### EXERCISE BRIEF
From the listing below, restate word for word the lines from the line containing "Kate Hudson attends" down through the line containing "Young woman face". Exclude pictures.

### EXERCISE MATERIAL
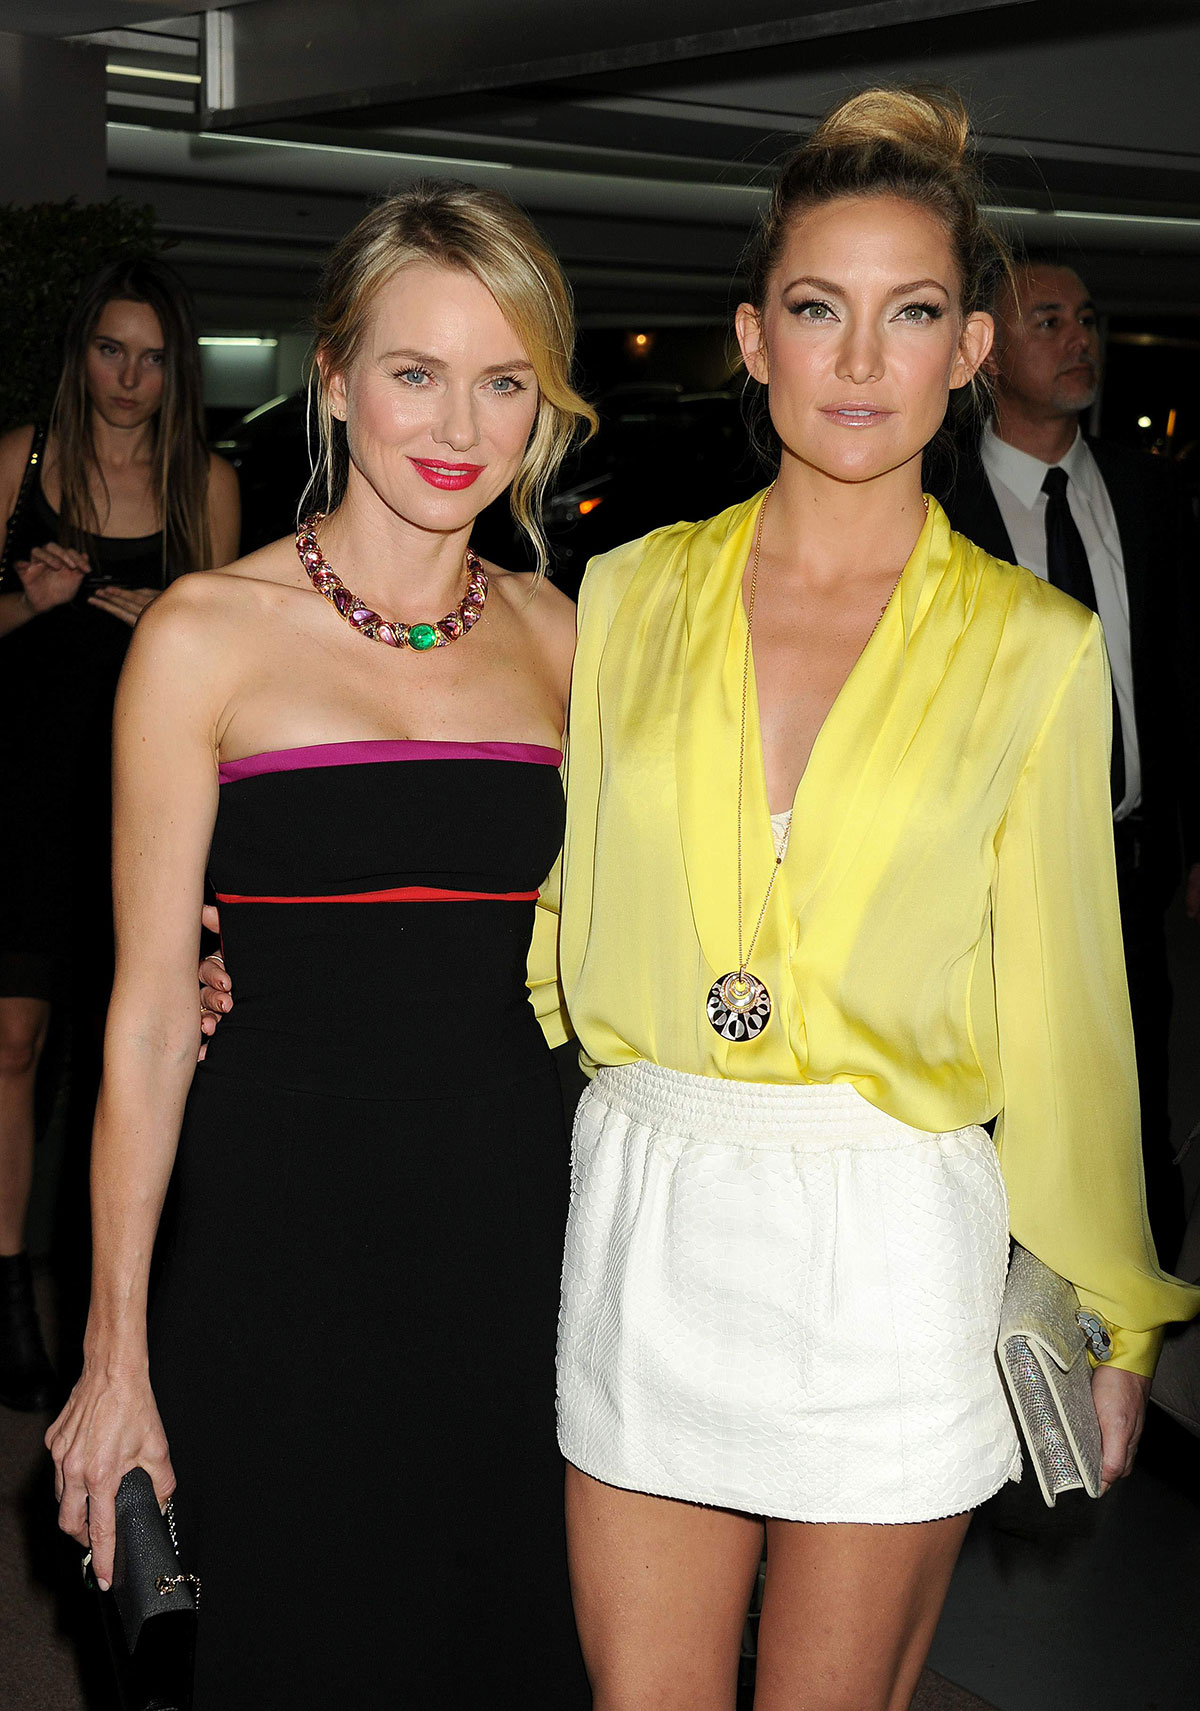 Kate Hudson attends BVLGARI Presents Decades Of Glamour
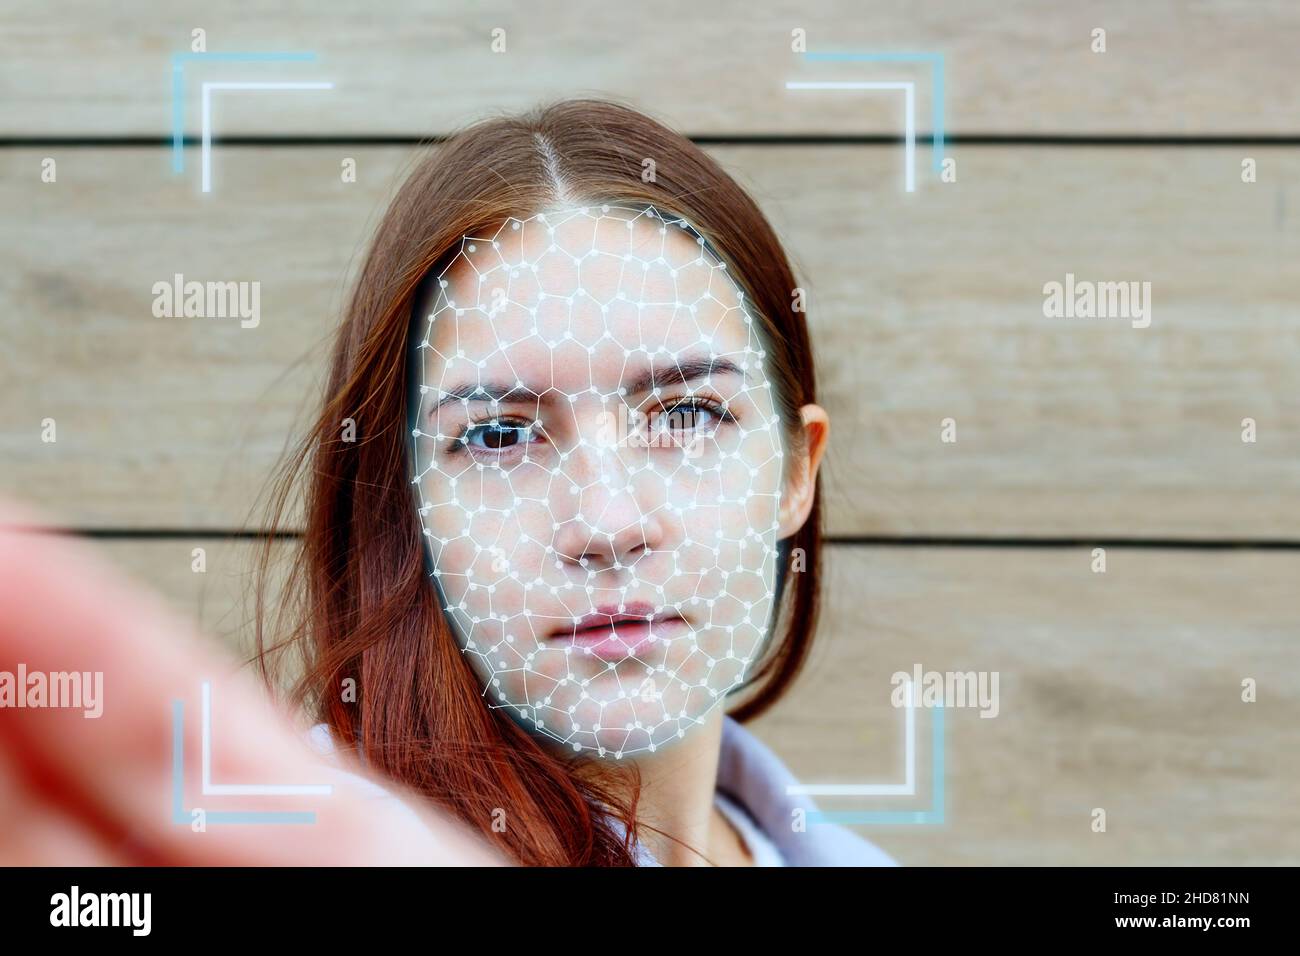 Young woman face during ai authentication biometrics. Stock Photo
---
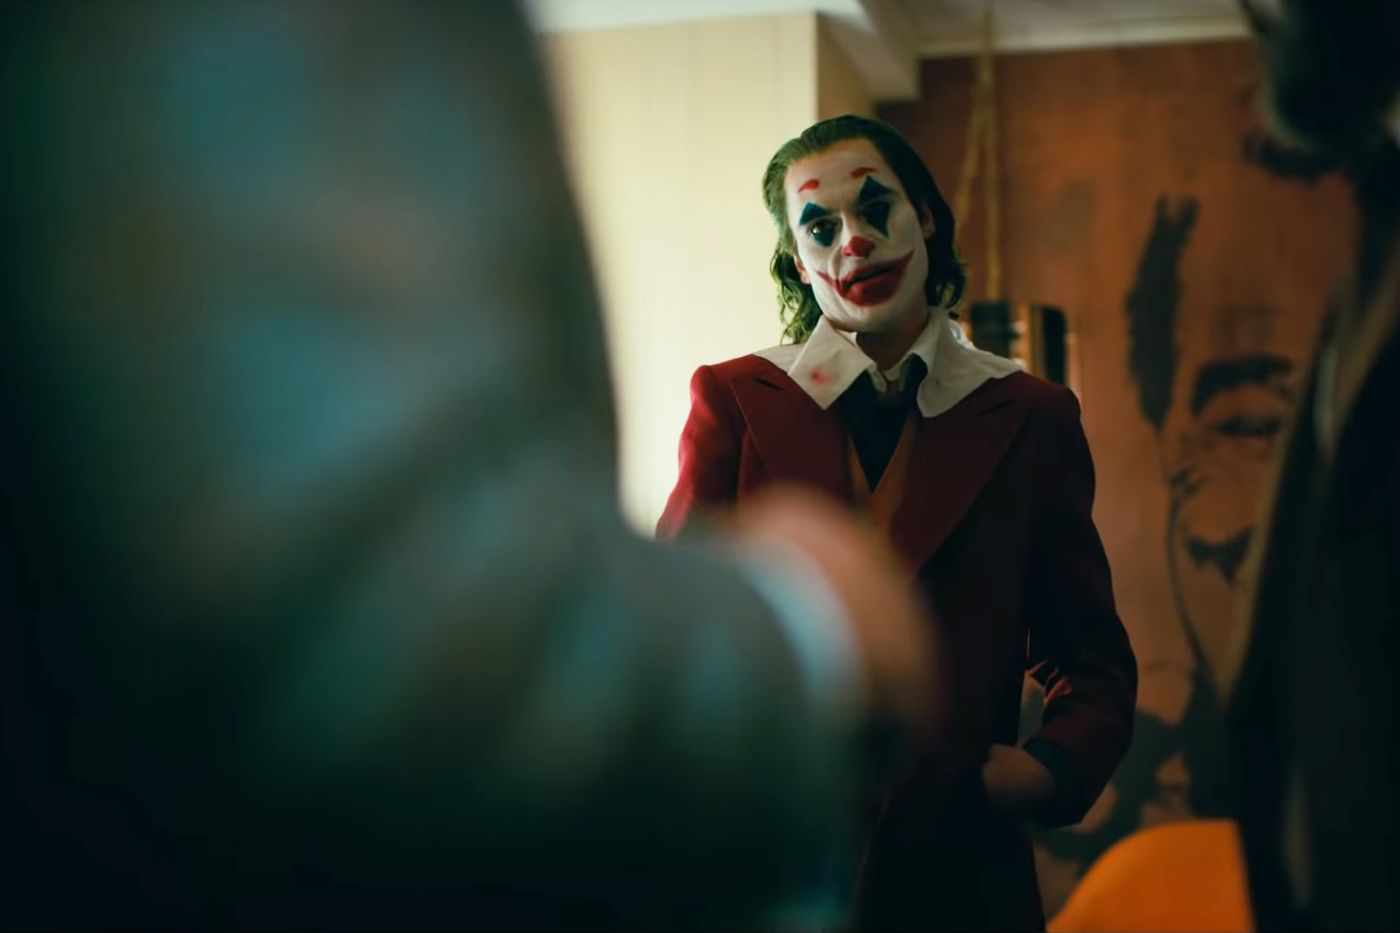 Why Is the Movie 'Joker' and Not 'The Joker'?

### EXERCISE SOLUTION
 Kate Hudson attends BVLGARI Presents Decades Of Glamour
 Young woman face during ai authentication biometrics. Stock Photo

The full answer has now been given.